I finally got far enough in my summer reading pile to reach the May 2006 PMLA, which includes a higher-than-normal percentage of articles that I felt compelled to read. Gregory Jackson's article on homiletic novels is pretty interesting, as are Juniper Ellis's exploration of tattoos in Samoan literature and Paul Acker's "Horror and the Maternal in Beowulf."
Best of all, though, is the round-table discussion titled "What Can a Journal Essay Do?" It's punchy, clever, accessible, and full of information so helpful I read part of it to a class full of upper-level literature students making their first foray into literary theory. (There's actually a cheesy acronym! In PMLA!)

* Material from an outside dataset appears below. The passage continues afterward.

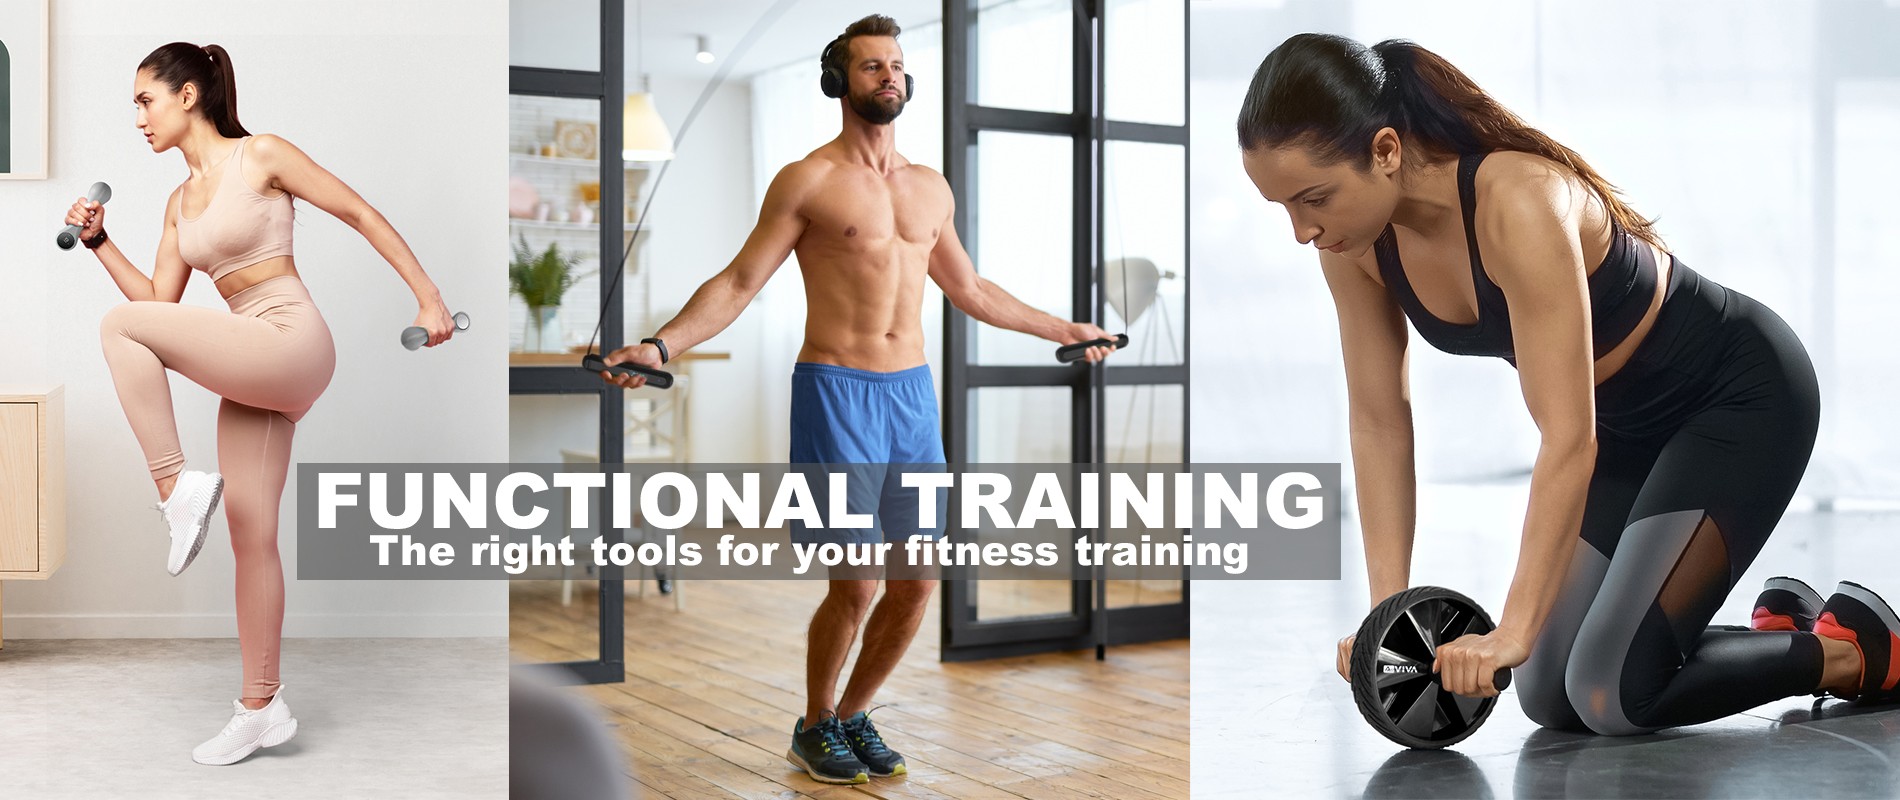 AsVIVA Functional training - Einfach zu hause trainieren

Here is the paragraph I appreciated most, from Marianne DeKoven:
I would add that people shouldn't think they have to write a PMLA essay with a kind of high seriousness. I mean I think there's a sense that a PMLA article means that you are speaking from on high, you're laying down the law, to the profession. It can be whimsical; it can be daring and imaginative. We want to read interesting articles. We enjoy reading imaginative, engaged, well-written articles that feel passionately about their subject and are not just dry and careful; in fact, dry and careful is not what we're looking for, as I see it.
Important if true--and if this issue's articles are any indication, it may just be true.